---------- Data shown ----------

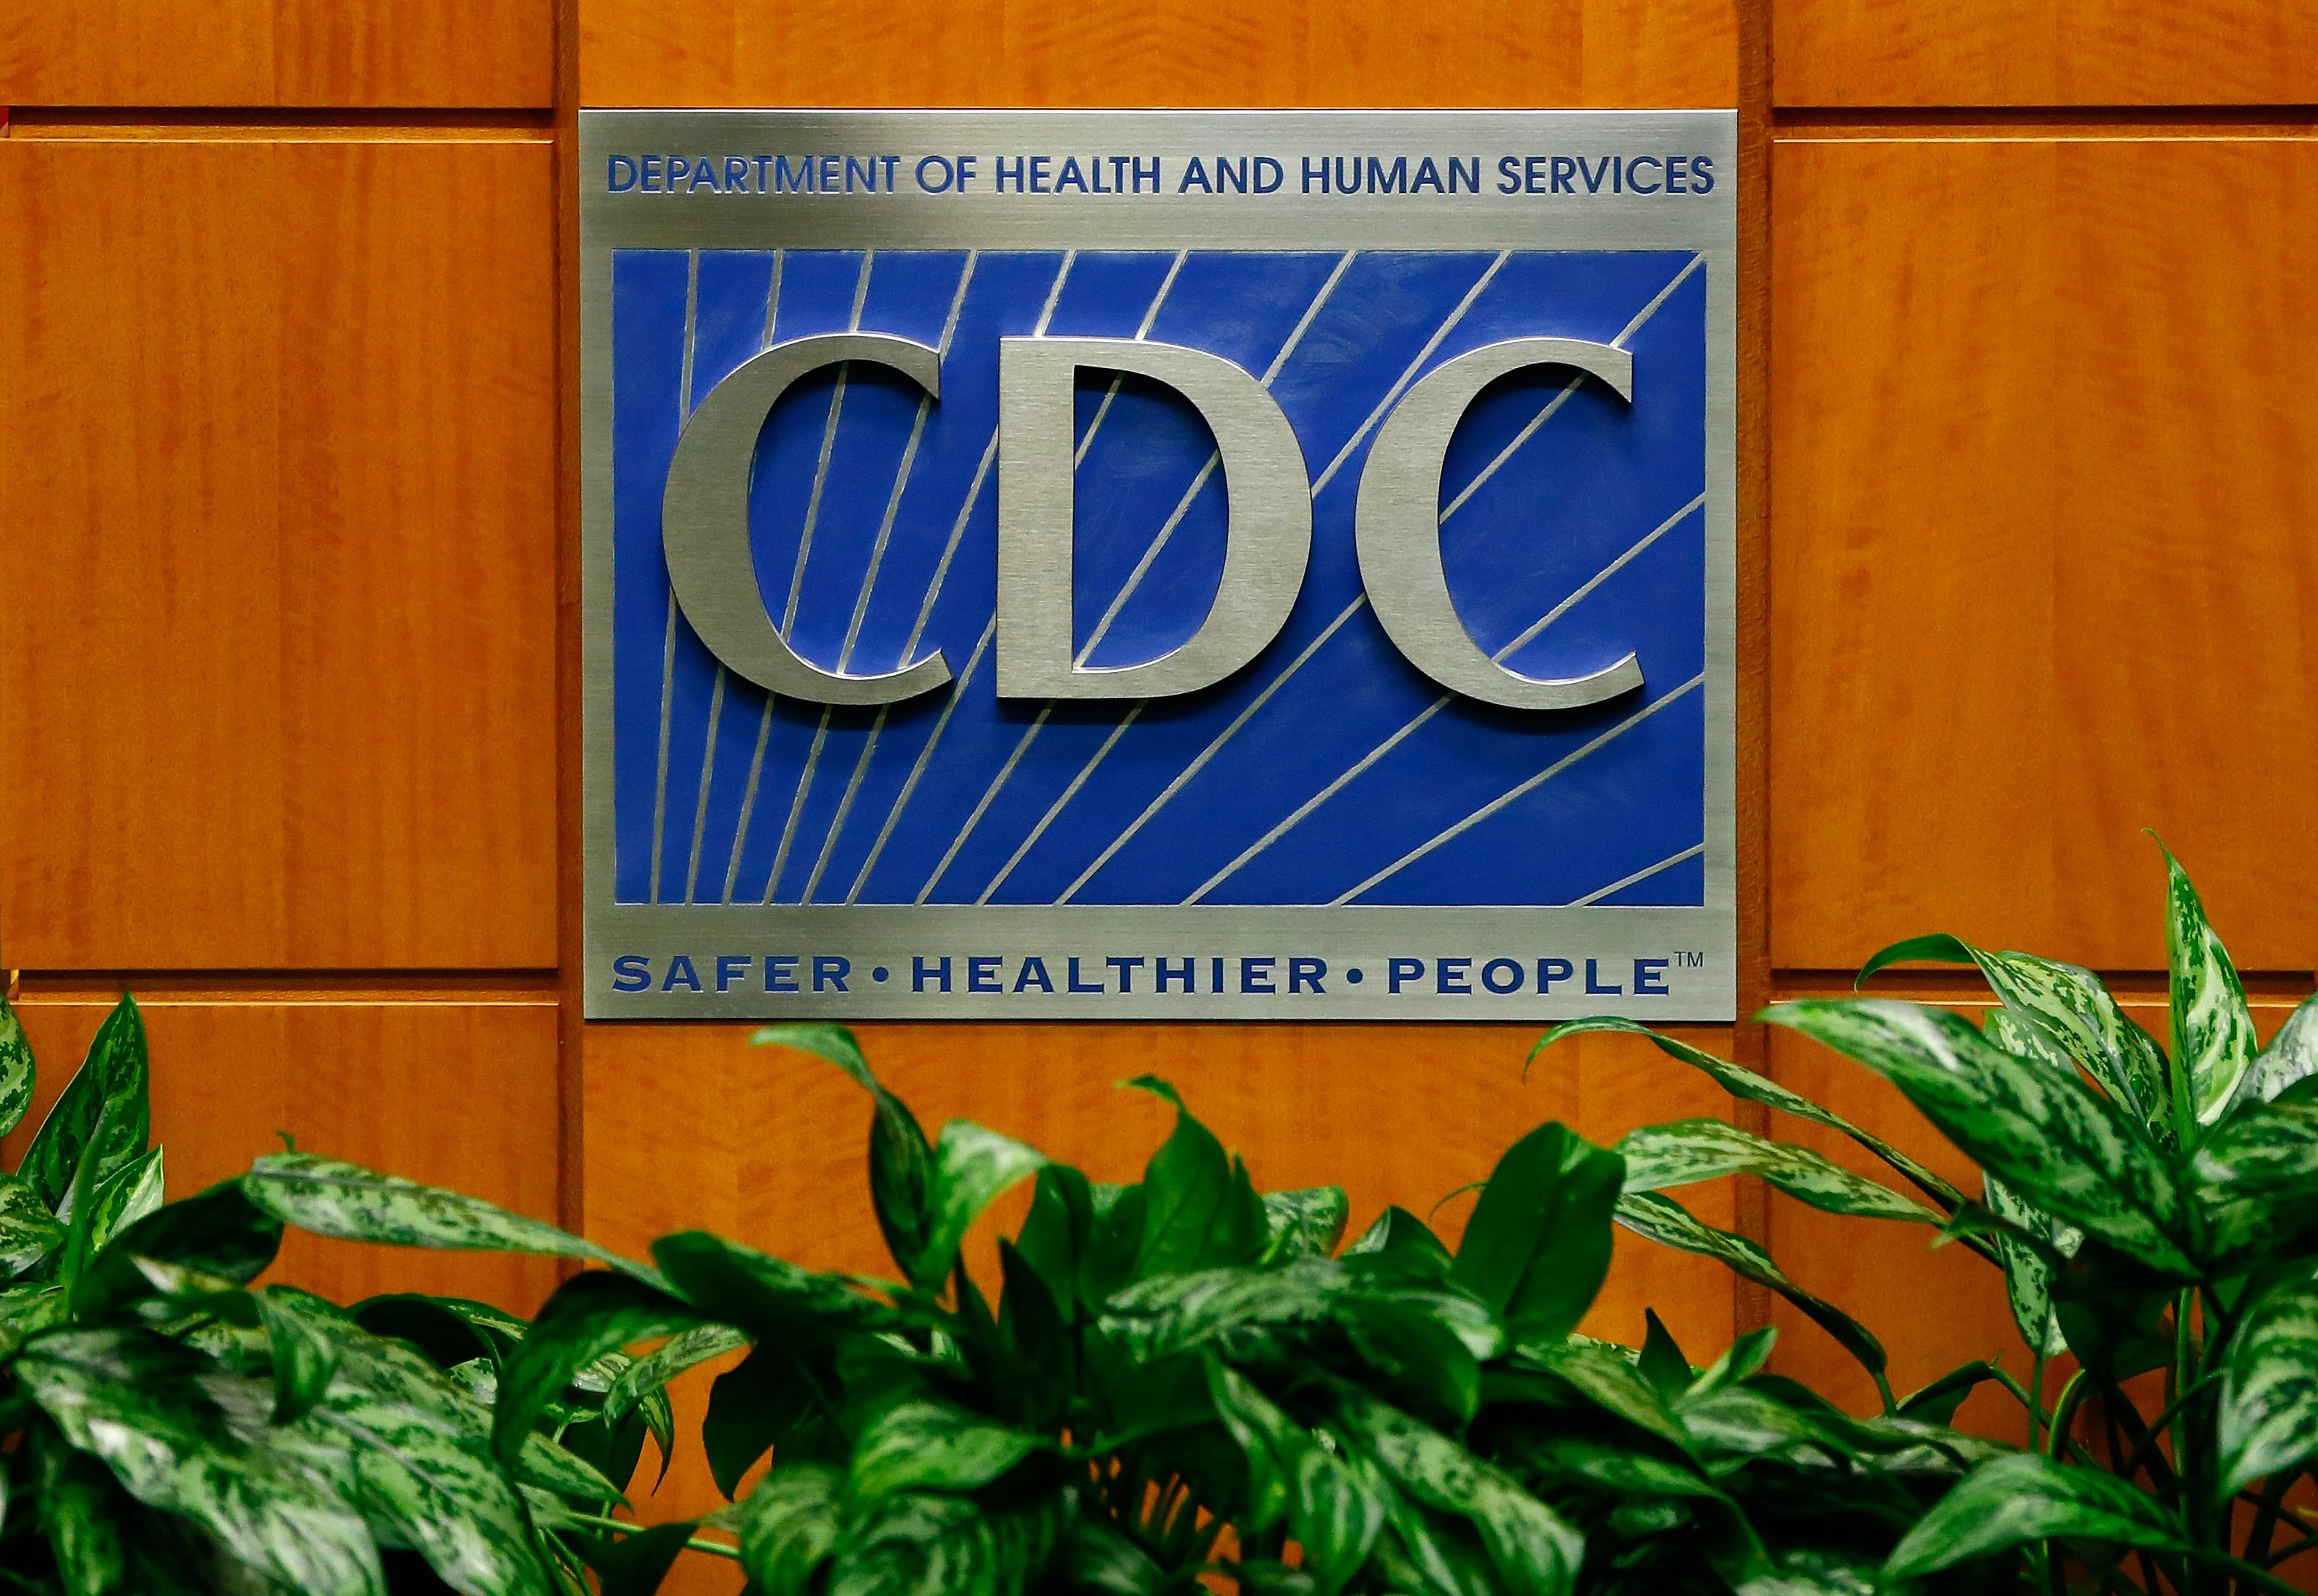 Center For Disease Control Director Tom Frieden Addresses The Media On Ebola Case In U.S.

----------
---------- Data shown ----------

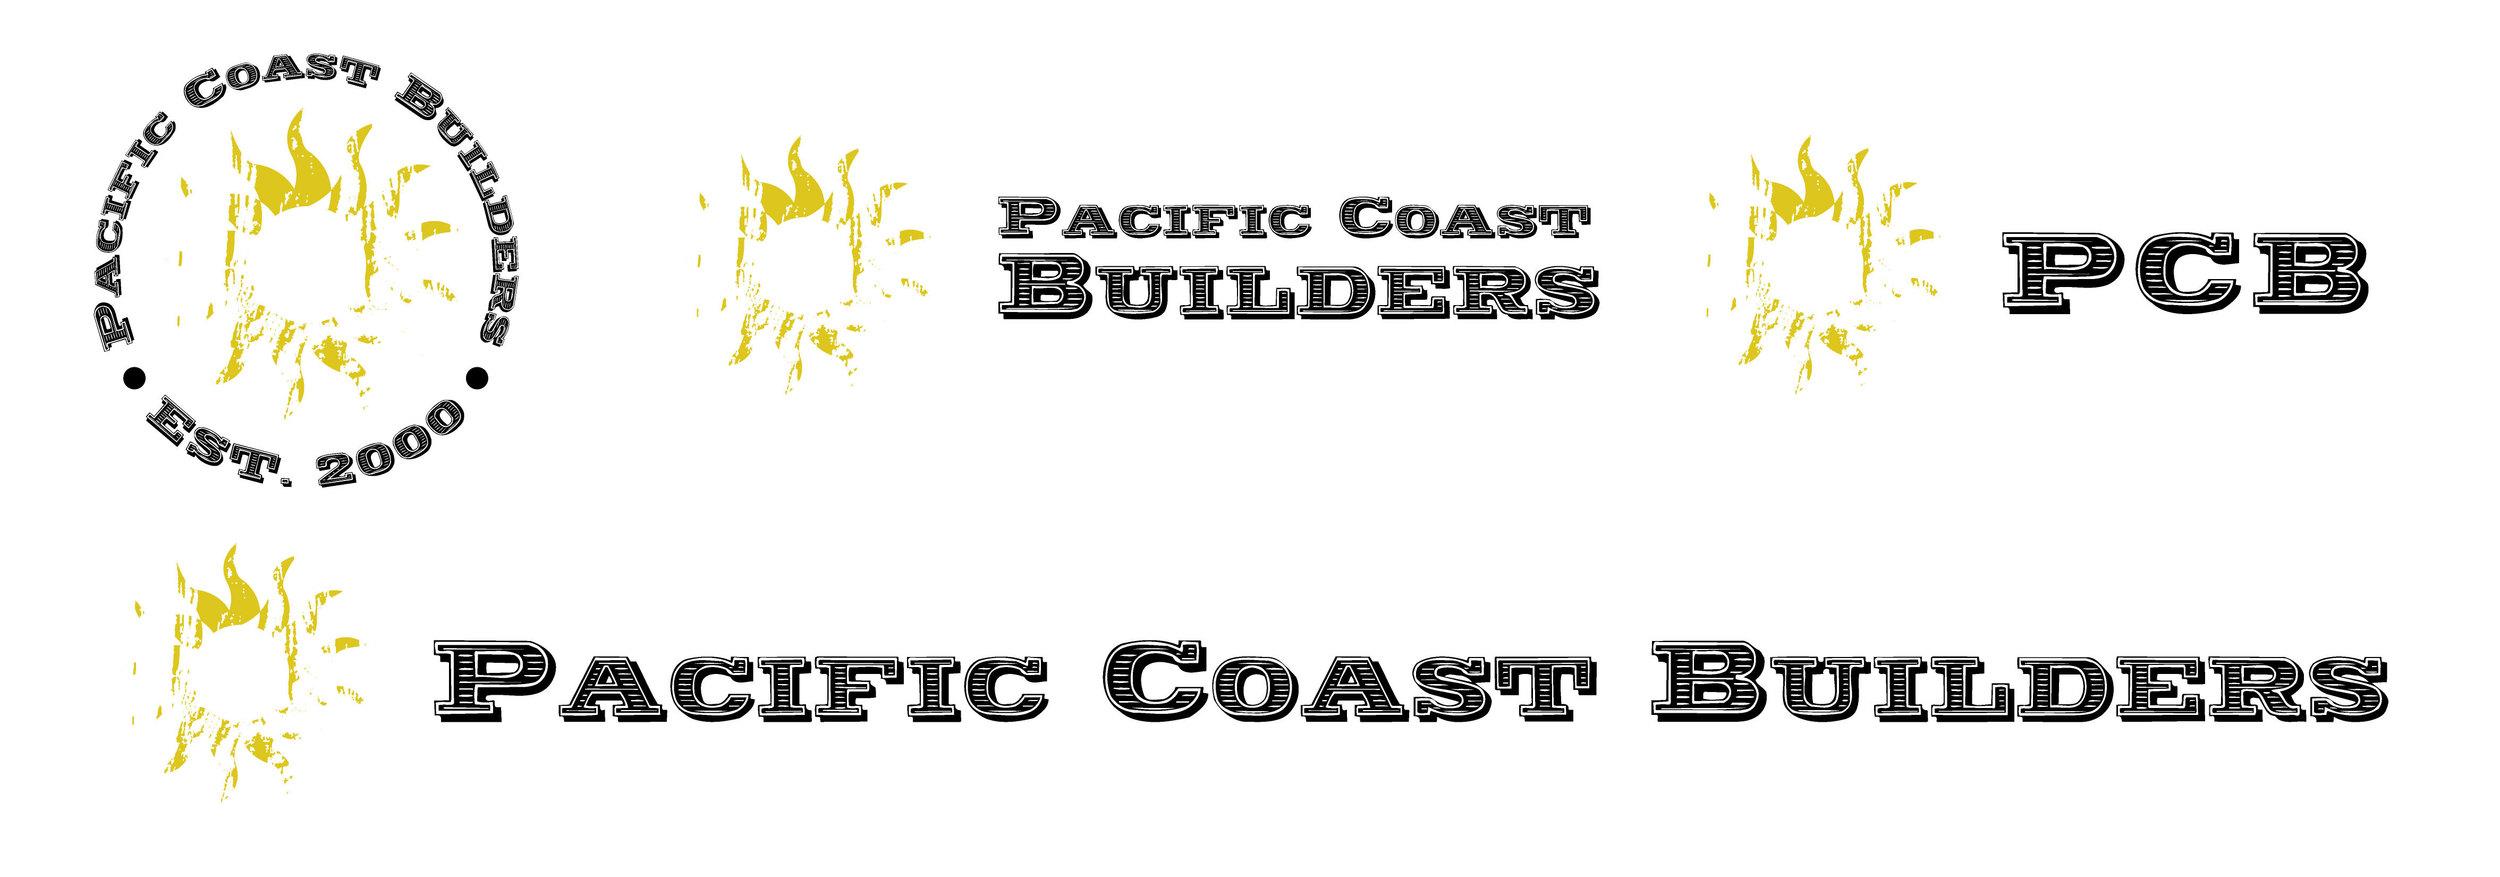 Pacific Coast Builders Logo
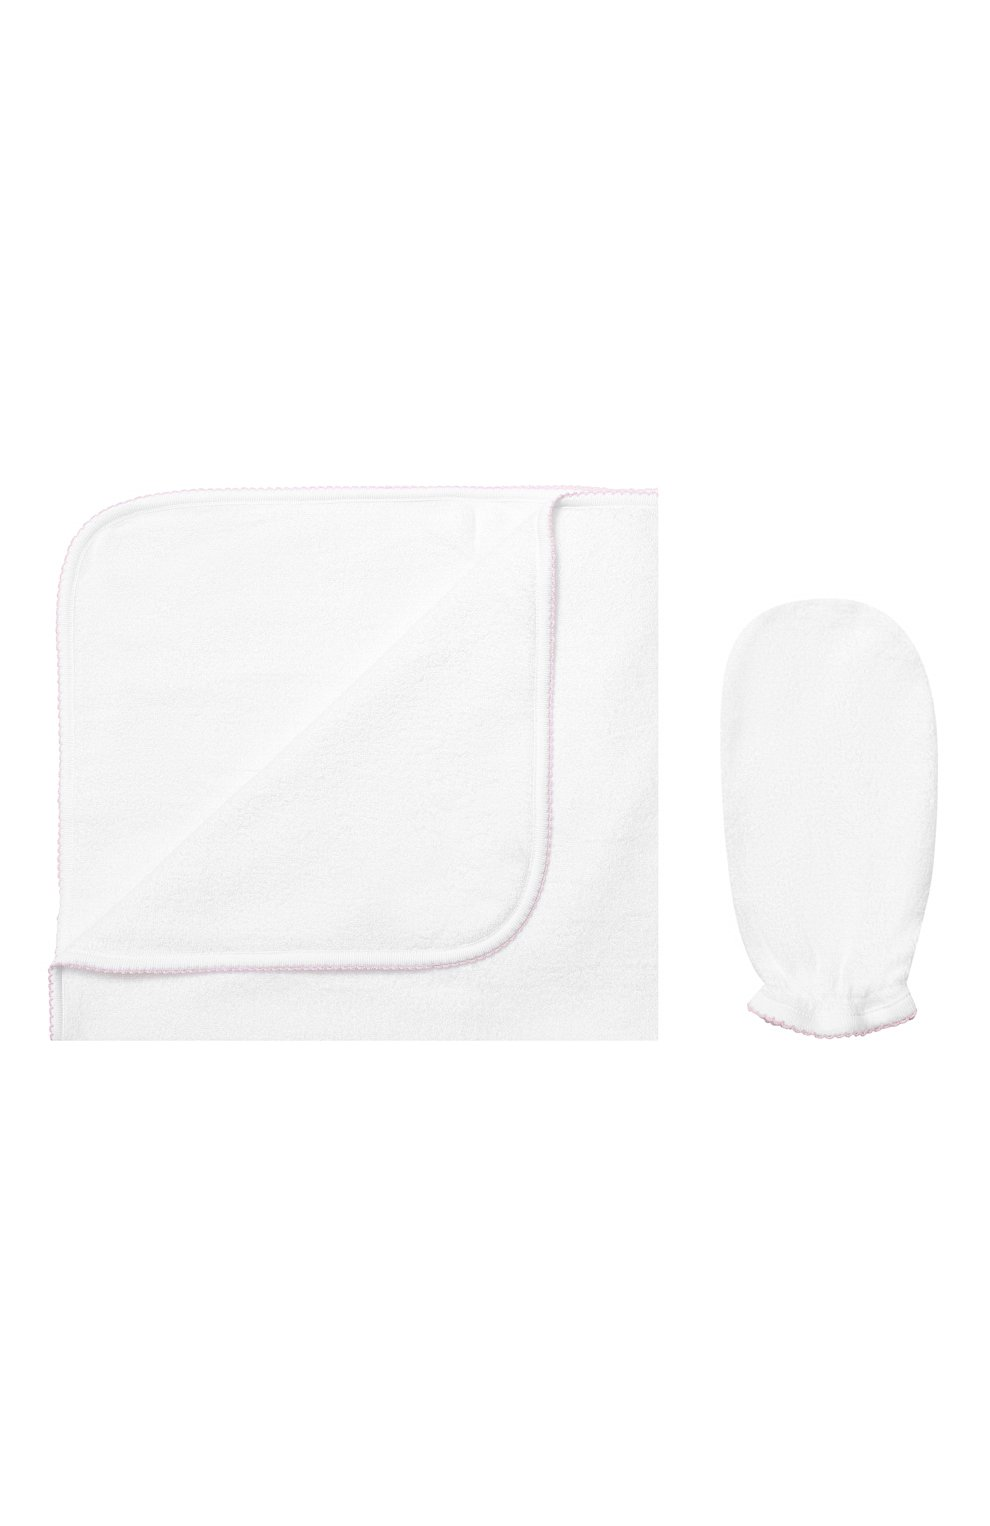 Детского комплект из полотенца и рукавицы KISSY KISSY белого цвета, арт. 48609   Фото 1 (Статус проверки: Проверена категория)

----------

The material above holds pictures; leave them out. Repeat exactly the lines from the one containing "Pacific Coast Builders Logo" through the one containing "Детского комплект из", and nothing else.

 Pacific Coast Builders Logo
 Детского комплект из полотенца и рукавицы KISSY KISSY белого цвета, арт. 48609   Фото 1 (Статус проверки: Проверена категория)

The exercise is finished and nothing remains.